Один из них подходит с проводом от кофеварки. Из шнура торчат две жилы. «Ты у нас жопником будешь», – говорит один фараон, а другой хватает Ревуна за хер и одну жилу вокруг головки обматывает. Провод суют в розетку – ничего не происходит. Но когда второй жилой начинают касаться губ, десен, кончиков пальцев, сосков, задней дырки – вот тогда… Ревун мне об этом ничего не рассказывал, но я знаю. Ревун для тюрьмы был человек новый – тот, которого ломают до, а не после.
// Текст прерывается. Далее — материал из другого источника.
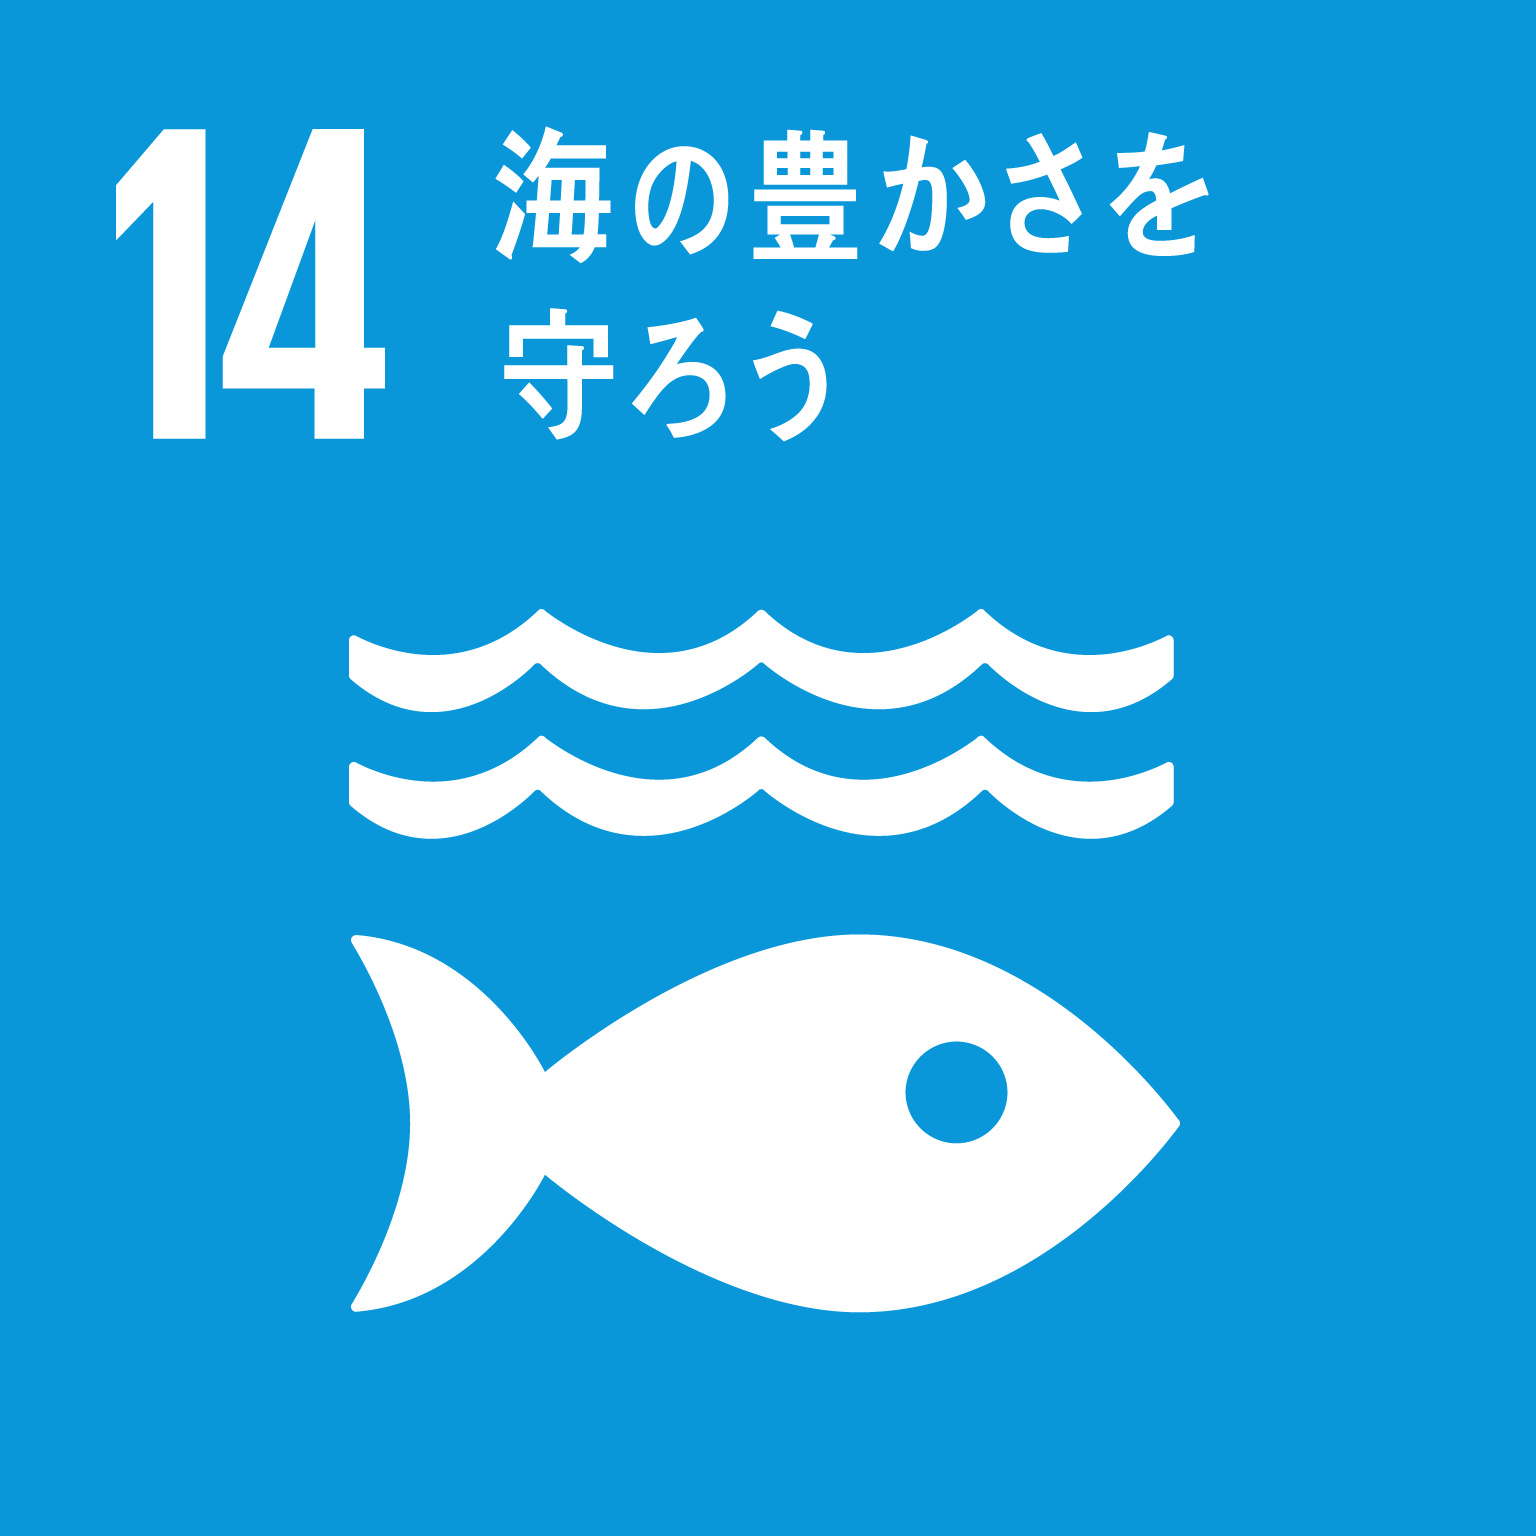 目標14海の豊かさを守ろうのロゴ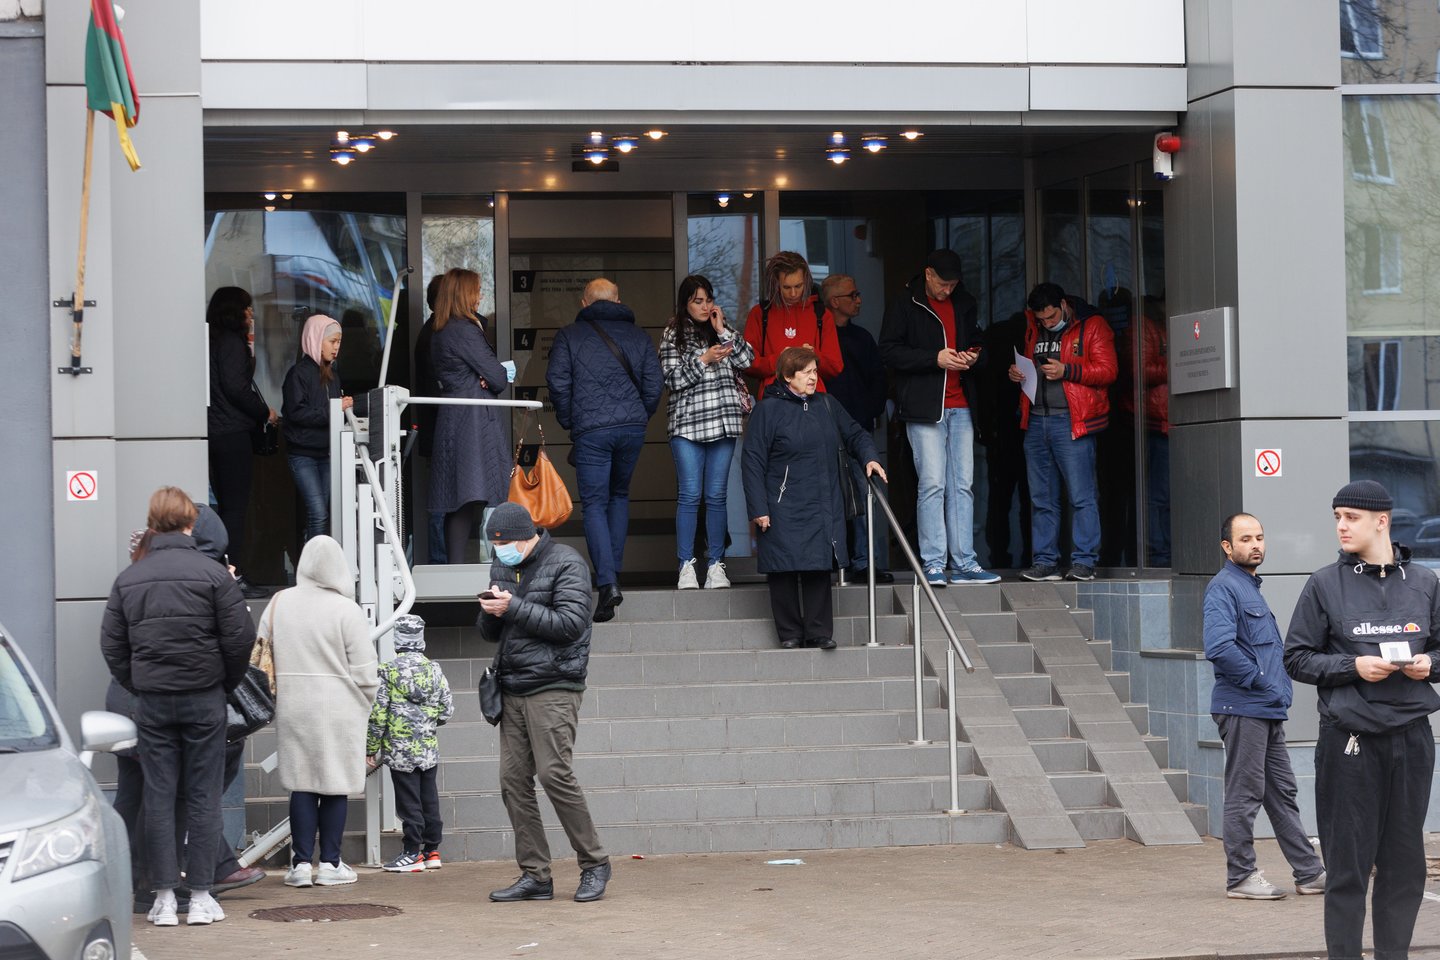 Trečiadienio rytą prie Migracijos departamento Vilniuje nutįso beveik 200 norinčiųjų pasigaminti asmens dokumentus žmonių gyvoji eilė.<br>T.Bauro nuotr.

Я слышал, первую неделю в тюрьме все старались держаться от него в сторонке: оно и понятно, раненый лев опасней невредимого. Взять его, казалось бы, легче, только ты вместе с ним можешь ненароком отправиться в ад.
Ревун может целый разговор с тобой вести одними глазами. До сих пор; и это одна из причин, отчего с ним лучше всего ходить на дело. Он на одной стороне магазина, я на другой, и в два подмига с одним взглядом мы оба знаем: он берет на себя заднюю дверь, я беру прилавок и стреляем в любого, кто хотя бы сунется поддернуть штаны или к себе в сумку. На стволе Ревуна пять зарубок слева, а справа ни одной. Каждая, что слева, – фараон. И…
– Йяу! Йяу, Джоси! Вернись, брат, Земля тоскует по тебе!
– Ревун? Ох, ёксель-моксель, когда ты успел объявиться? Я даже и не заметил.
– Минуты не прошло. Ну, с небольшим. Думаешь, это хорошая идея, так воспарять мыслями в этом баре? Ты же отвлекаешься!
– А что?
– М-м? Да ничего, солнце. Бро вроде тебя может и отвлечься, когда за тобой следит еще один.
– Чего ты так припозднился?
– Ты ж меня знаешь, Джоси. У каждой дороги свой шлагбаум. Так из какого мира ты сейчас воротился?
– Из далекого. Не иначе как с Плутона.
– Ясен месяц. Там, где у баб сиська одна, а письки сразу две?
– Не, это больше напоминает «Планету обезьян».
– Вот как? Ну, значит, есть шанс засадить им сразу в обе…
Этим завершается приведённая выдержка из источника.